Aim of the task: Restate the records below word for word, and omit the images they hold.
════════════════
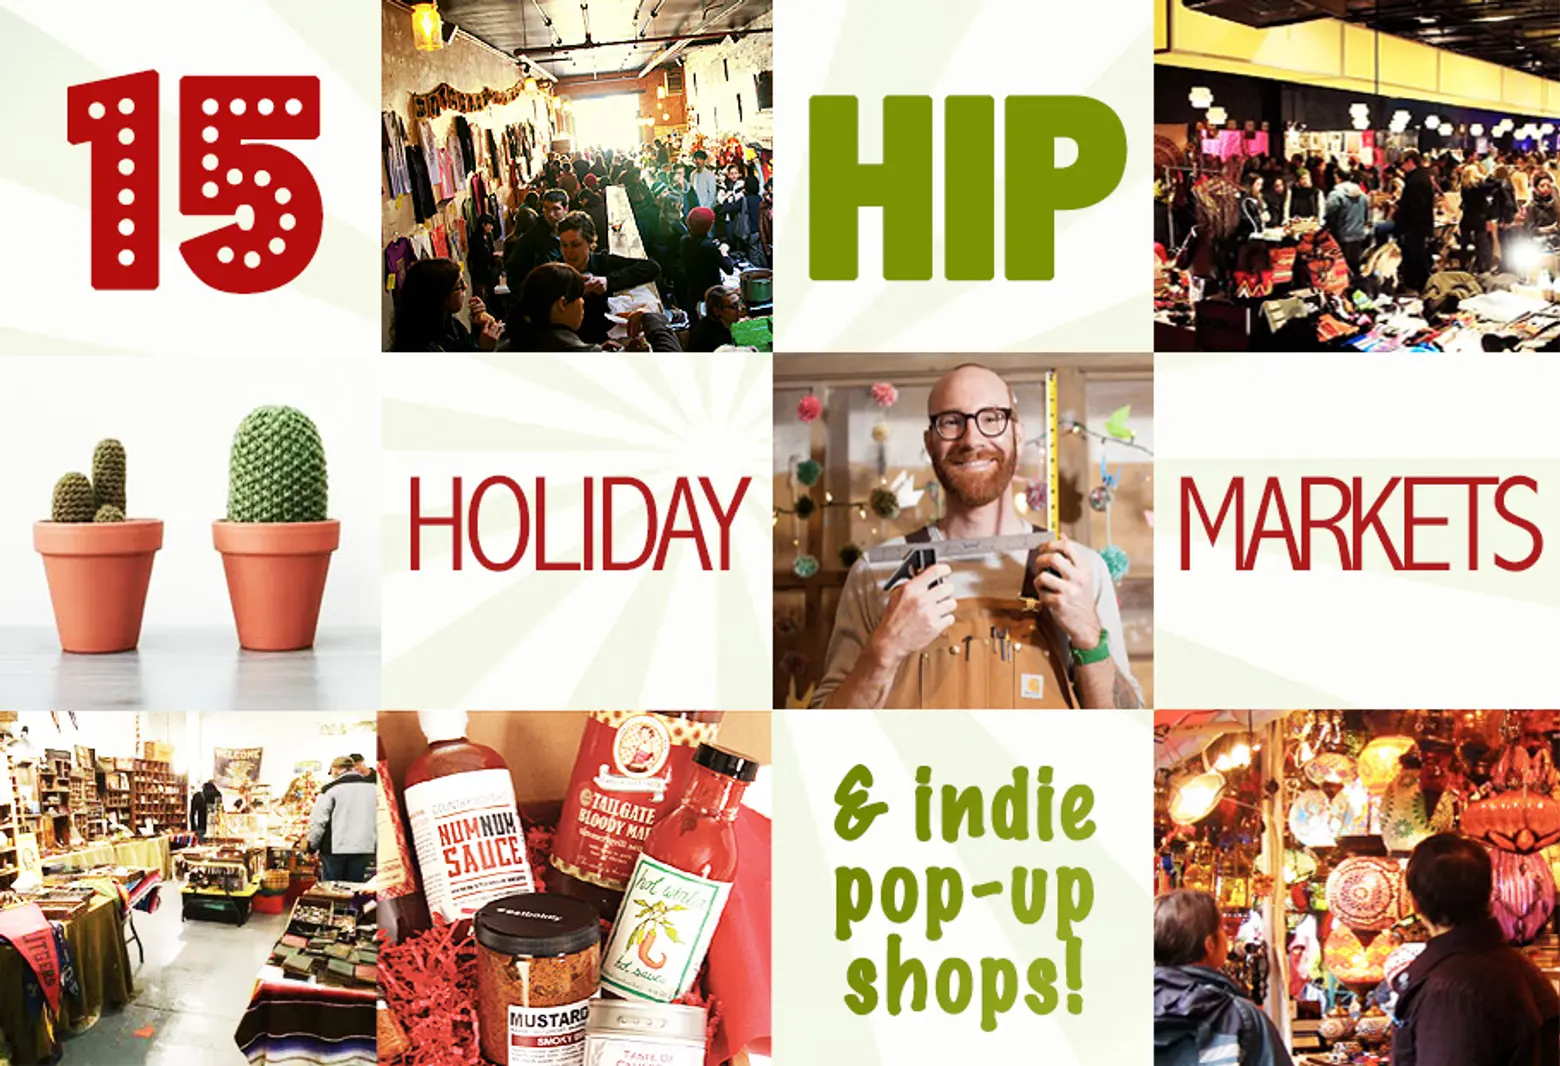 15 Hip Holiday Markets and Indie Pop-Up Shops in NYC
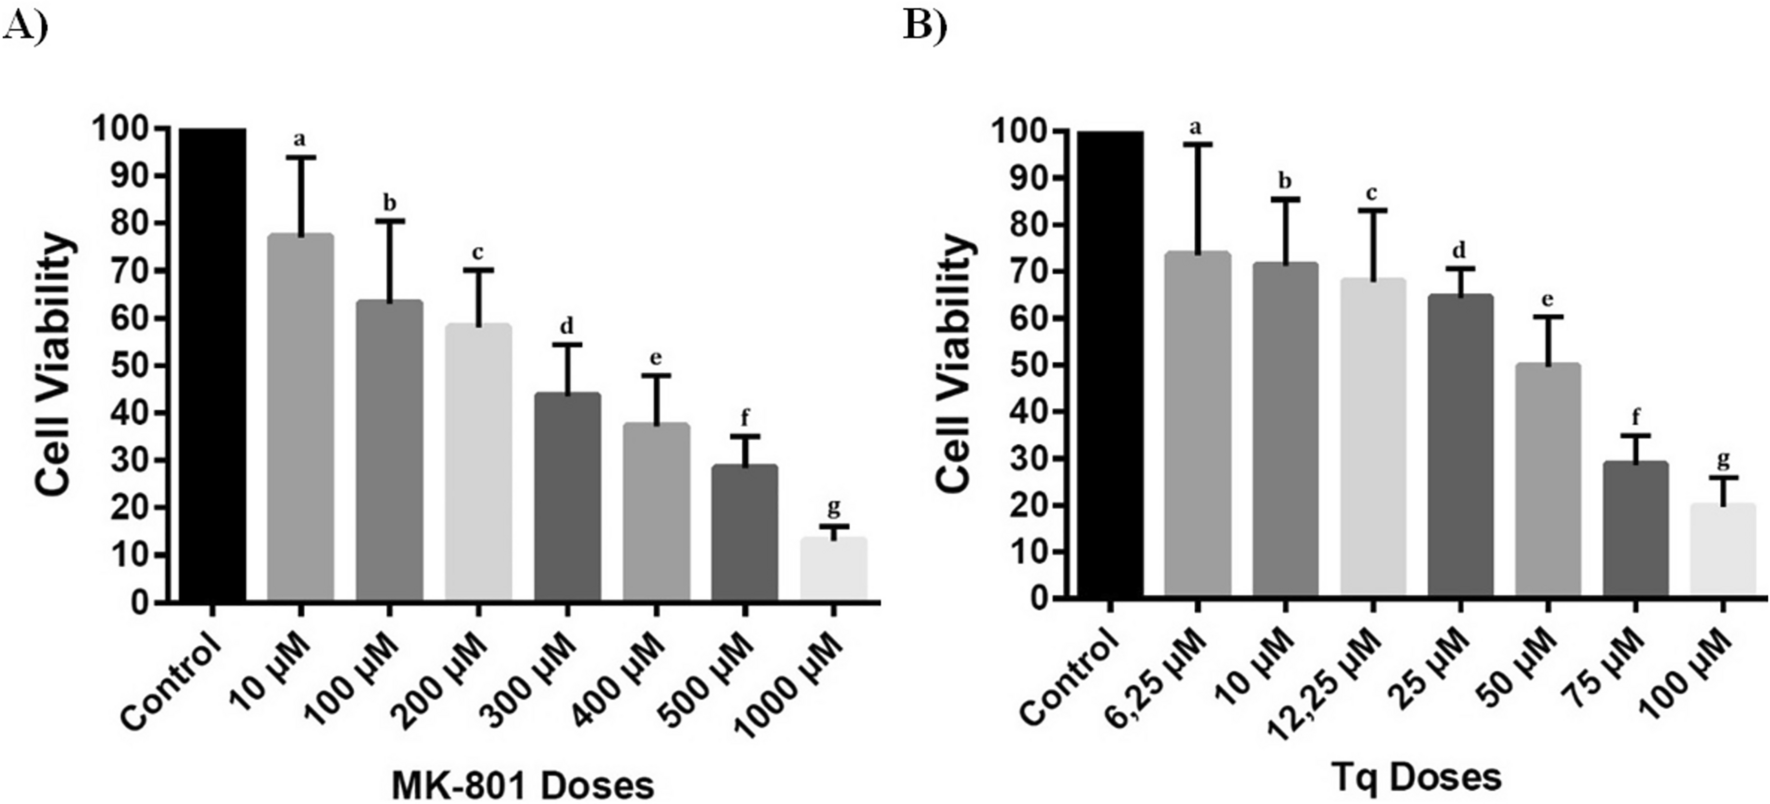 N-methyl-D-aspartate receptors and thymoquinone induce apoptosis and alteration in mitochondria in colorectal cancer cells
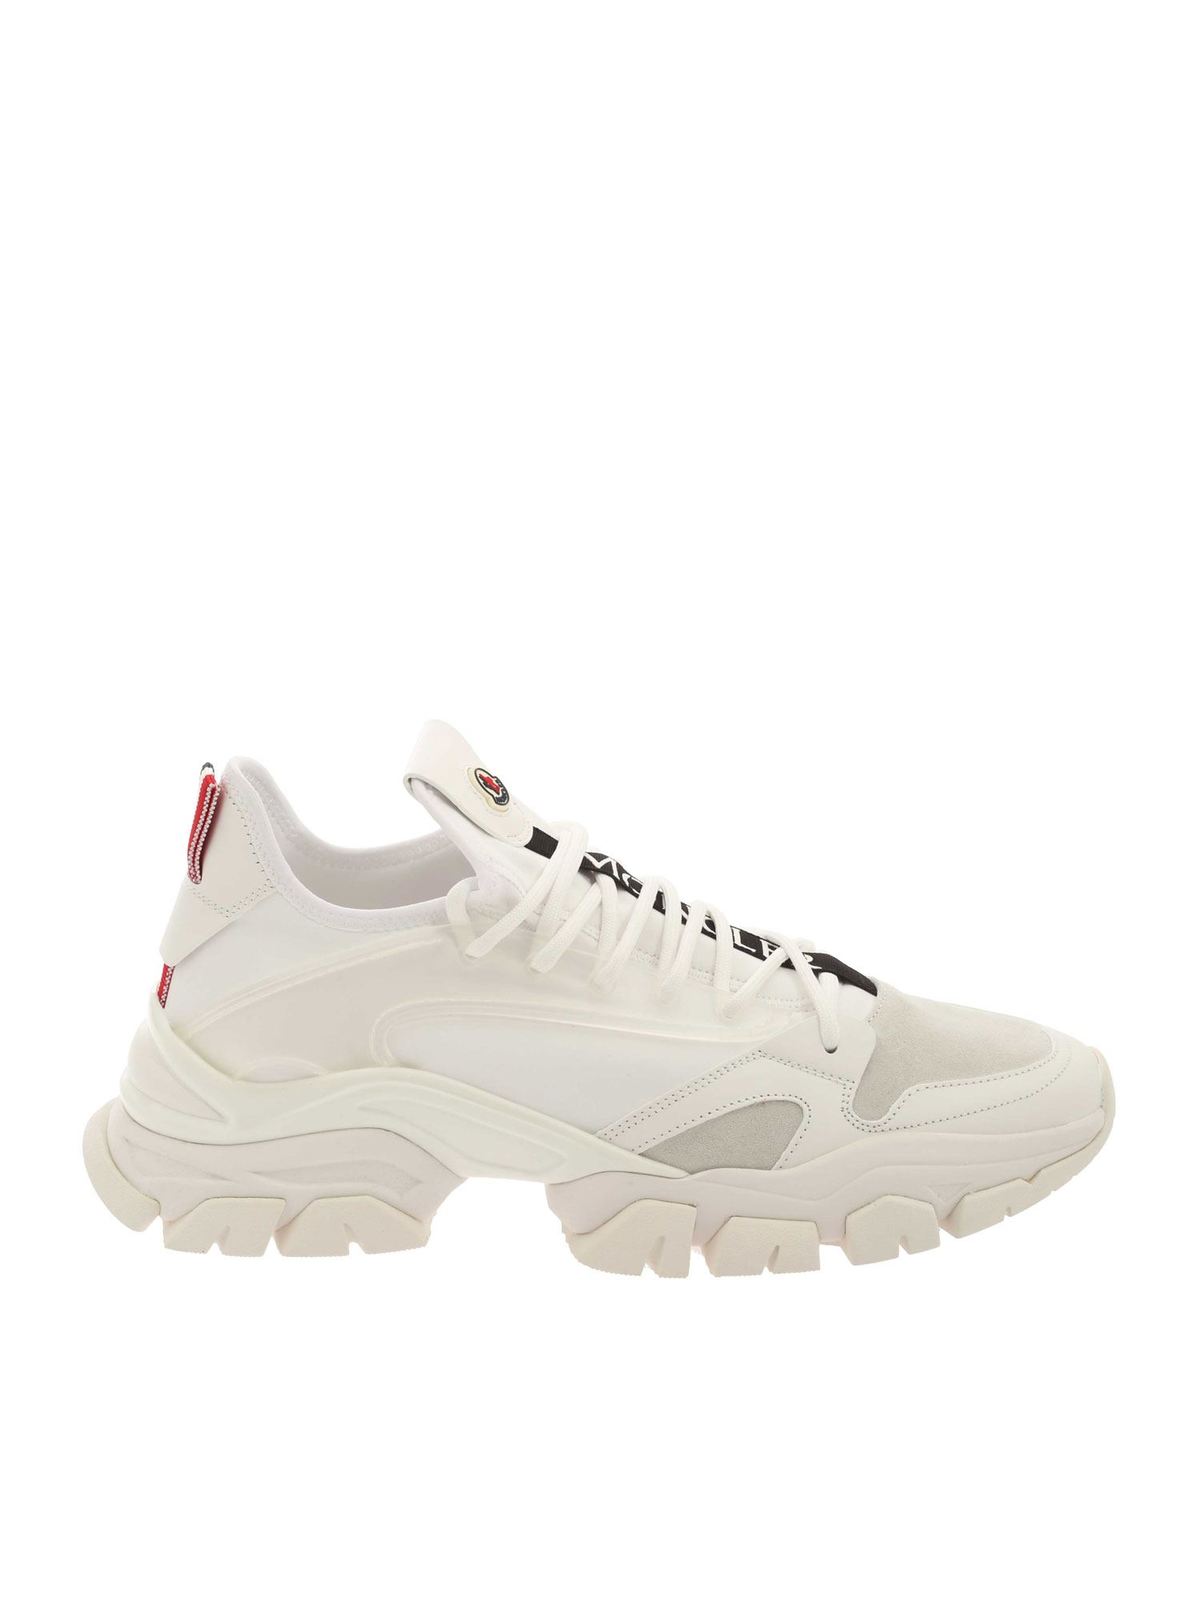 Trainers Moncler - Trevor sneakers in white - 4M7164002SHR001 | iKRIX.com
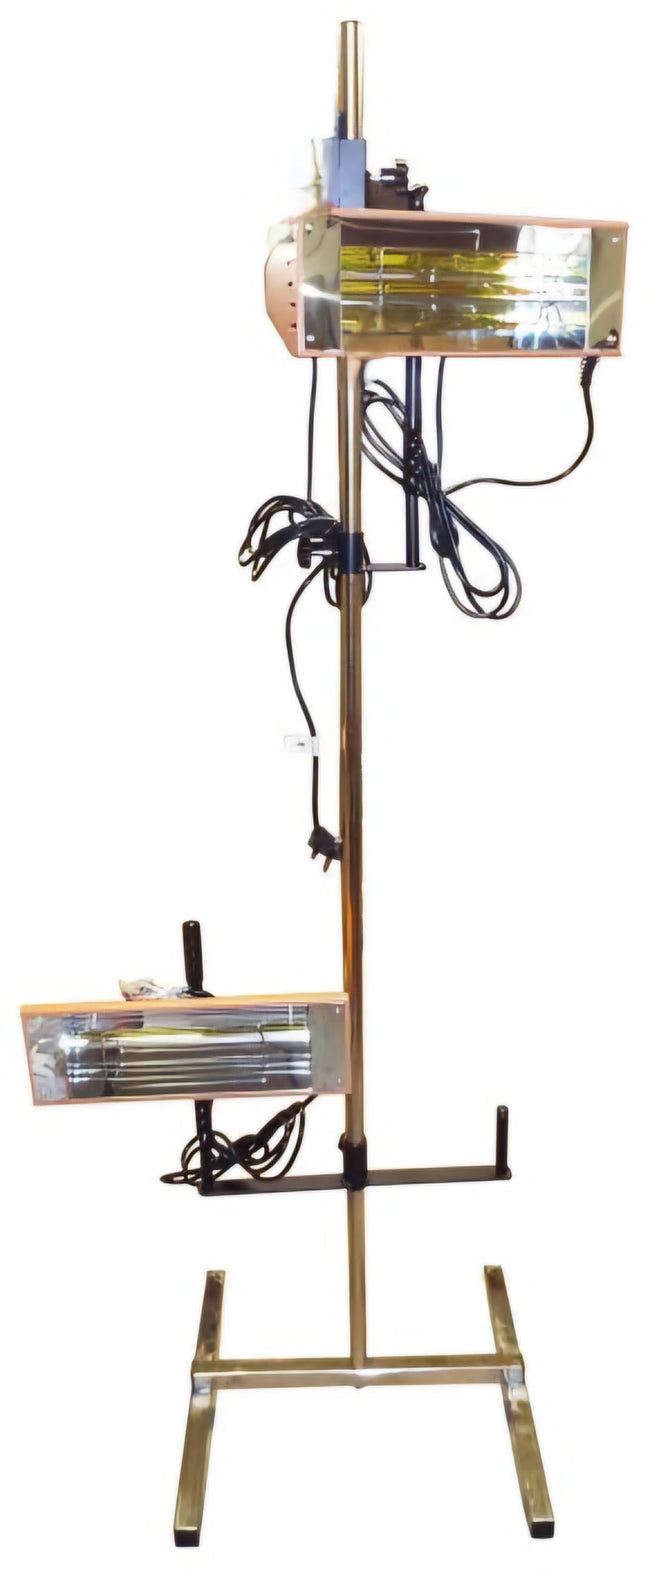 HEAD2 - TWIN HEAD 2KW INFRARED LAMP INC STAND
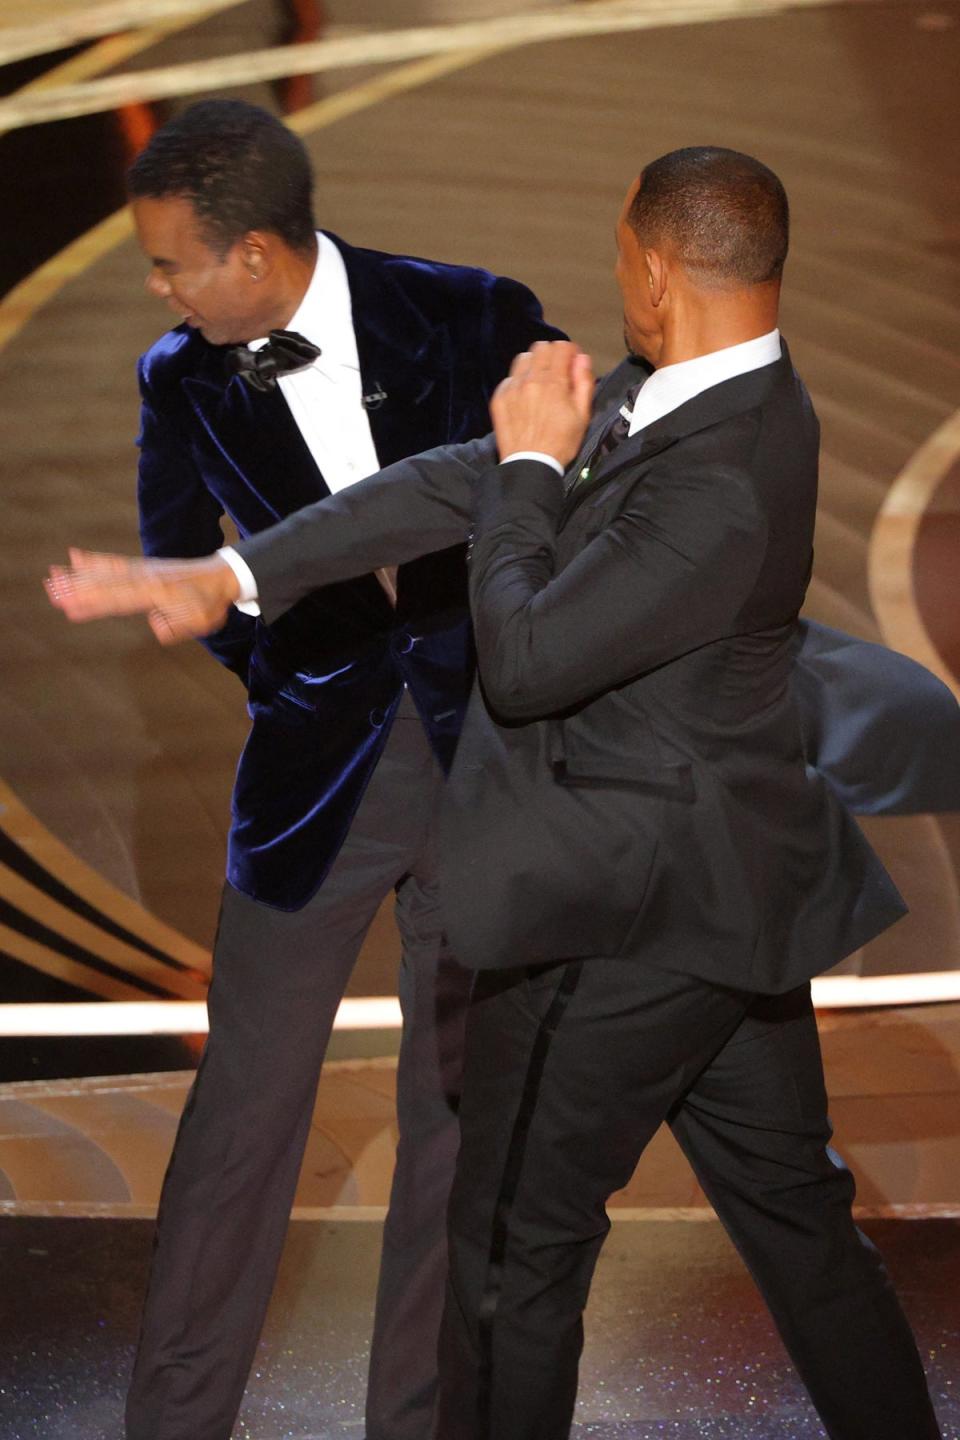 Smith infamously slapped Chris Rock on stage during the 94th Academy Awards in March (Reuters)
════════════════
Answer for this exercise:
 15 Hip Holiday Markets and Indie Pop-Up Shops in NYC
 N-methyl-D-aspartate receptors and thymoquinone induce apoptosis and alteration in mitochondria in colorectal cancer cells
 Trainers Moncler - Trevor sneakers in white - 4M7164002SHR001 | iKRIX.com
 HEAD2 - TWIN HEAD 2KW INFRARED LAMP INC STAND
 Smith infamously slapped Chris Rock on stage during the 94th Academy Awards in March (Reuters)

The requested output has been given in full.